2 Yemeni brothers in Michigan can stay in US

By Ed White, AP
Friday, November 13, 2009

2 Mich. brothers who fled Yemen can stay in US

DETROIT — Two Yemeni brothers, one who married the daughter of a contemptuous general and the other who was jailed by the man’s guards, have won permission to stay in the United States in a case stemming from the forbidden love.

A three-judge panel said this week that the Detroit-area brothers could be killed if they are forced to return home after fleeing in 1999. The decision reversed a ruling by an immigration board.

“They can live and work here. It’s beautiful,” their lawyer, Richard Kulics, said.

The Associated Press is not identifying the brothers because they fear their family could be persecuted in Yemen.

It was a cultural feud that brought the brothers and the bride to the U.S. A high-ranking general in Yemen did not approve the courtship of his daughter by one of the men because they were associated with the lower meat-cutting class.

The couple secretly married in 1998, which enraged the general. He shot and wounded his son, who encouraged the relationship, and ordered his guards to search for the newlyweds, according to a summary of evidence relied on by the 6th U.S. Circuit Court of Appeals.

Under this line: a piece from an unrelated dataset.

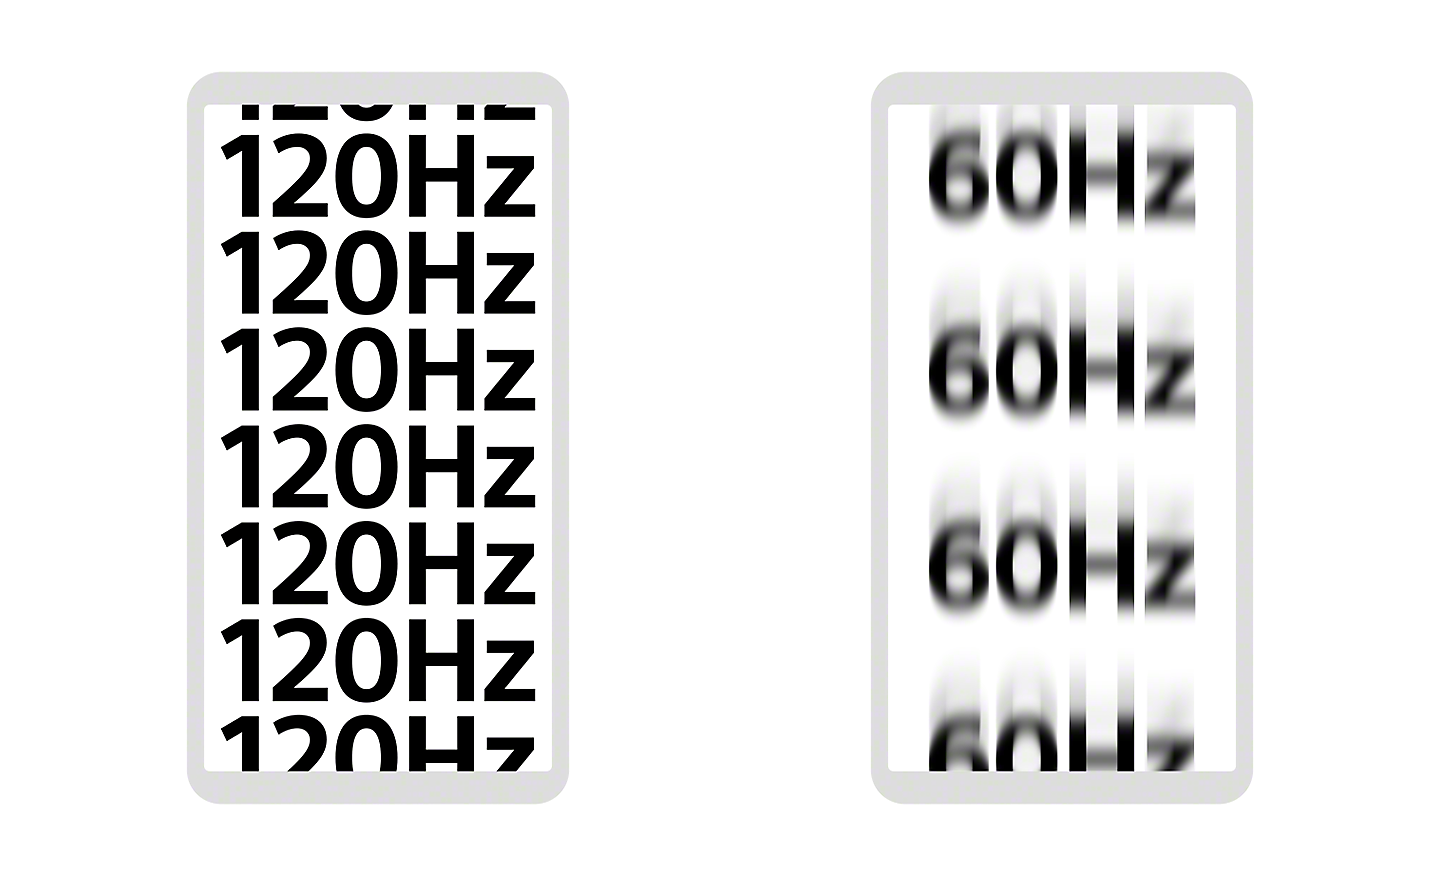 Ilustrácia displejov dvoch smartfónov, kde jeden ukazuje presné zaostrenie 120 HZ a druhý 60 Hz mierne mimo zaostrenia

The couple hired a car to take them to refuge in Aden, seven hours from the capital, Sana’a. The general’s guards, meanwhile, found the groom’s brother and locked him up for three months.

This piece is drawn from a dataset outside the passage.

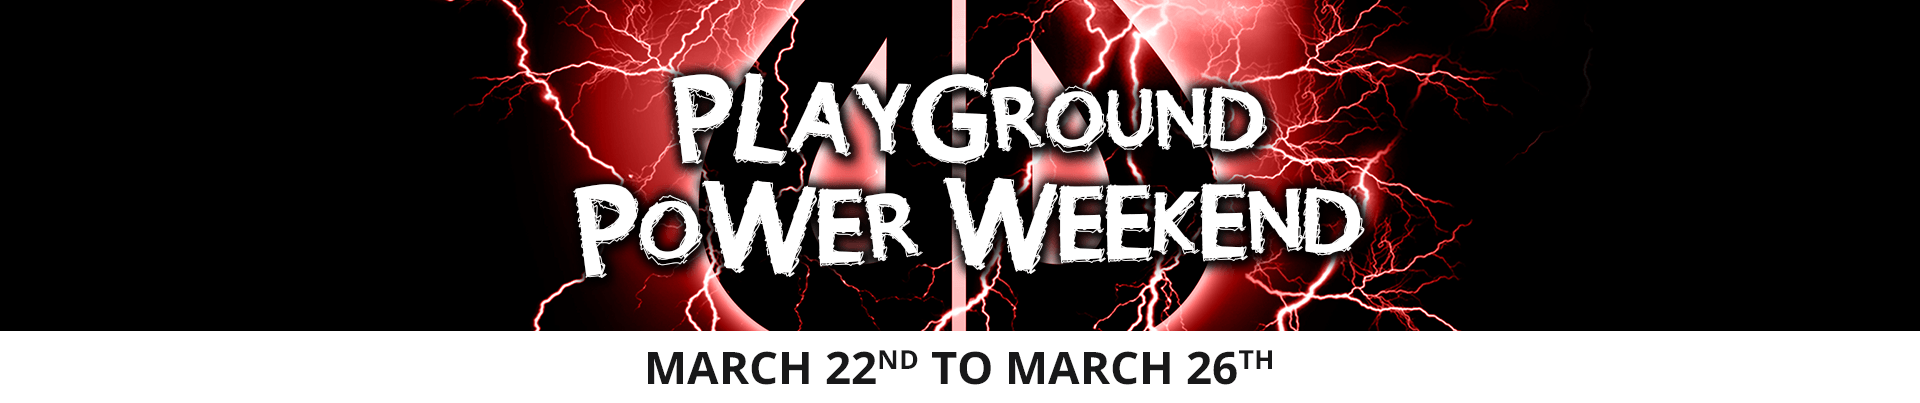 Playground Power Weekend March 2018

They deprived him of sleep, plucked his chest hairs, forced him to defecate on himself and threw a dead cat covered with bees into his cell, according to the 6th Circuit ruling.

“We can kill your family,” the guards told him.

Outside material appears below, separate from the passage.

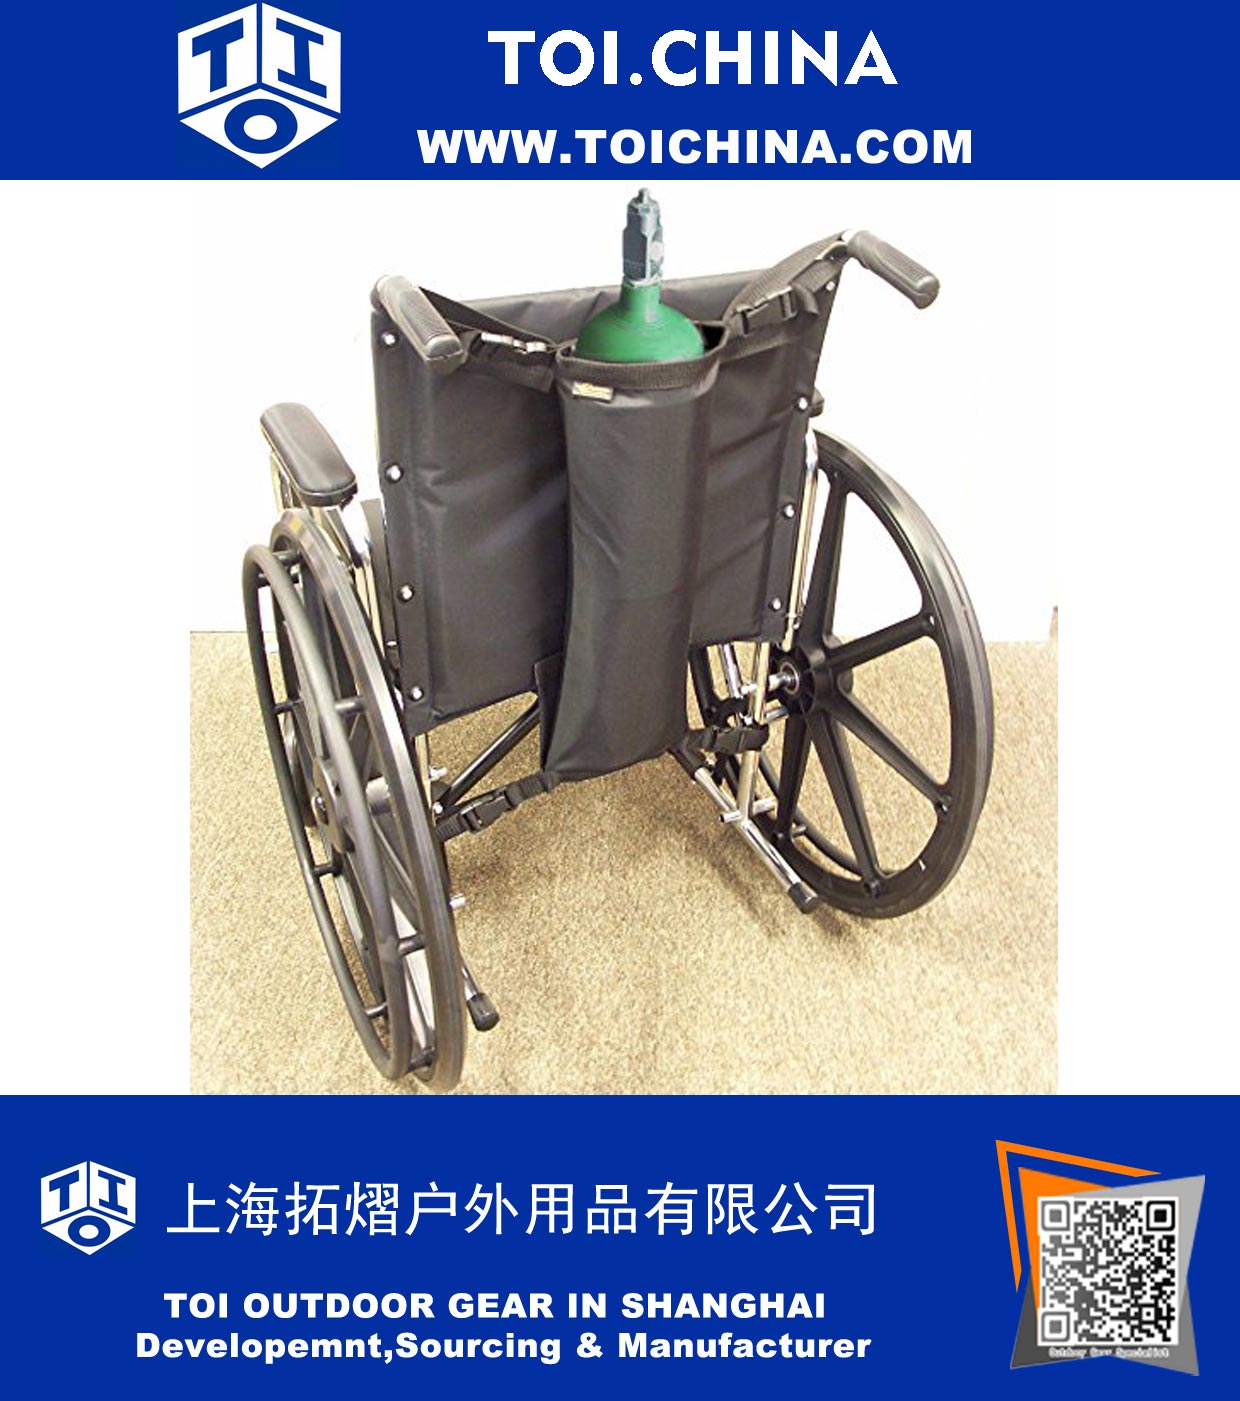 Bolsa de oxígeno individual para sillas de ruedas

Crying and ready to collapse, the brother fooled the guards by telling them the couple had fled to Saudi Arabia. A local officer took pity on him and, with the help of a district attorney, he finally was released. The general “went crazy” and made threats when he got the news, the court ruling said.

The three all obtained visas and traveled separately to the United States. In 2003, U.S. immigration authorities began deportation proceedings against the brothers, citing their expired visas. They have taken no action against the general’s daughter.

The brothers responded by seeking asylum, but an immigration judge found they had missed the one-year deadline and said conditions had improved in Yemen. The men were rebuffed again at the Board of Immigration Appeals before getting a victory at the 6th Circuit in Cincinnati.

“The record contains ample evidence that the general will kill” the brothers and his own daughter if they are returned to Yemen, the court said. “Nothing in the record suggests that conditions in Yemen have changed such that the government there will be able to control the powerful general.”